Stored items from a collection
-----

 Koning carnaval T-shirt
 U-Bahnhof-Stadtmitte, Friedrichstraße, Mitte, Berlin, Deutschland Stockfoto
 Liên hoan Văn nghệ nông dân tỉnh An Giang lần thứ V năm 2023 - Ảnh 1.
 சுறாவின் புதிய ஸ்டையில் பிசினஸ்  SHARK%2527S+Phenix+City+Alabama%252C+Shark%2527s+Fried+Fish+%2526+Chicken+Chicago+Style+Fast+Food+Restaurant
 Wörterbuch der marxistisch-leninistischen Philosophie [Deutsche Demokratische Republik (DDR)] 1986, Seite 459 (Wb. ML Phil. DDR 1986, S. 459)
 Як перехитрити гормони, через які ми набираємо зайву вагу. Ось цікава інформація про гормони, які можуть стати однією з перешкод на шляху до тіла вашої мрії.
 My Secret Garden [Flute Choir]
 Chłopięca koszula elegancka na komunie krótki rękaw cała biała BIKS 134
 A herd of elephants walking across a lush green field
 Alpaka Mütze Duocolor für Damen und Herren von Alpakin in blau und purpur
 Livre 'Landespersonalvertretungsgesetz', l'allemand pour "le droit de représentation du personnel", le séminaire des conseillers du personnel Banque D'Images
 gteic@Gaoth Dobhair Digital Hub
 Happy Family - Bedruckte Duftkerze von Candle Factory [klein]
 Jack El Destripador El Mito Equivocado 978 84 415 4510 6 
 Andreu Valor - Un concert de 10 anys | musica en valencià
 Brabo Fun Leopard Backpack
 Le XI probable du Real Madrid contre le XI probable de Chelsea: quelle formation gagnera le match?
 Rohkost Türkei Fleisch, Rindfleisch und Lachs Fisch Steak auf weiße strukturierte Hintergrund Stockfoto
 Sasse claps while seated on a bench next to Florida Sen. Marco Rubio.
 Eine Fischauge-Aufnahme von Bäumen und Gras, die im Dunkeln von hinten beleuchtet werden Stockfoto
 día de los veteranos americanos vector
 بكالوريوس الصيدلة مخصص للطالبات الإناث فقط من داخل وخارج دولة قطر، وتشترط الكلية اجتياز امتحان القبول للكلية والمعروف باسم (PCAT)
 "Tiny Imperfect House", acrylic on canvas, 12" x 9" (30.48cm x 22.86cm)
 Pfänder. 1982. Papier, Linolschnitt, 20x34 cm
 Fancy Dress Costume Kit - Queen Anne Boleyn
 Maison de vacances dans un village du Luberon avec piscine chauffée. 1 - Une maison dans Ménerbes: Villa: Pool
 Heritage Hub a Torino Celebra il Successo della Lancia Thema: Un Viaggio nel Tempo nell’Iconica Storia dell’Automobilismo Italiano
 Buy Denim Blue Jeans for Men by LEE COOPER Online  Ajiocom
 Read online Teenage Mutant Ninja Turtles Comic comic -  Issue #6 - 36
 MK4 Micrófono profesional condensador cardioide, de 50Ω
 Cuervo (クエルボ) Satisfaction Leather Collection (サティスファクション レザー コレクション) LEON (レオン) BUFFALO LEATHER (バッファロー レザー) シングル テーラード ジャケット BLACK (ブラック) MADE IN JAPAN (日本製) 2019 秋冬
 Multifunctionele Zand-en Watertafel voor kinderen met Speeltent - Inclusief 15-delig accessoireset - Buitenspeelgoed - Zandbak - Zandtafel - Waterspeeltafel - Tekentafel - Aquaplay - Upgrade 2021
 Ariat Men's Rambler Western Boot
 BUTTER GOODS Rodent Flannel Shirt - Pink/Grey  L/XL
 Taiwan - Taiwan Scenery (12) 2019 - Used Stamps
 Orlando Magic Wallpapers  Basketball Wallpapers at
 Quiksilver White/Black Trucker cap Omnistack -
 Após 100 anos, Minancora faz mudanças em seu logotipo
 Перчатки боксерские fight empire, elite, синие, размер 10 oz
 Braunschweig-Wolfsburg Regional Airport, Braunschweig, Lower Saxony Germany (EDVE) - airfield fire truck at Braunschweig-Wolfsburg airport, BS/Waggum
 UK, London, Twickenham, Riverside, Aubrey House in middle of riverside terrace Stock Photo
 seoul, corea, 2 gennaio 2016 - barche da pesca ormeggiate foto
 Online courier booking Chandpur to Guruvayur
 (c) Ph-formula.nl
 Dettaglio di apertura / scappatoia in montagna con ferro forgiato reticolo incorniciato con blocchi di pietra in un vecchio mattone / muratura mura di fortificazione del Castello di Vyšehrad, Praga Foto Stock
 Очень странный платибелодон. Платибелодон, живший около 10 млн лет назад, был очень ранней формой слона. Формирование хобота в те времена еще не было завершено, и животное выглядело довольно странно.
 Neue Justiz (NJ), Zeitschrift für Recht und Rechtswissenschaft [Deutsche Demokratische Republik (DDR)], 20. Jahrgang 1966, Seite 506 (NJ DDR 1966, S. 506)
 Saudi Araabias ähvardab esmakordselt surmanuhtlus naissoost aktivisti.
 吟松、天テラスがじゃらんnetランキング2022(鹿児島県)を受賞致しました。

-----

• **Aim of the exercise**
Starting at the line that contains "Maison de vacances" and stopping after the line that contains "Buy Denim Blue", write out every line exactly as it appears above, and no other line.

• **Final answer**
 Maison de vacances dans un village du Luberon avec piscine chauffée. 1 - Une maison dans Ménerbes: Villa: Pool
 Heritage Hub a Torino Celebra il Successo della Lancia Thema: Un Viaggio nel Tempo nell’Iconica Storia dell’Automobilismo Italiano
 Buy Denim Blue Jeans for Men by LEE COOPER Online  Ajiocom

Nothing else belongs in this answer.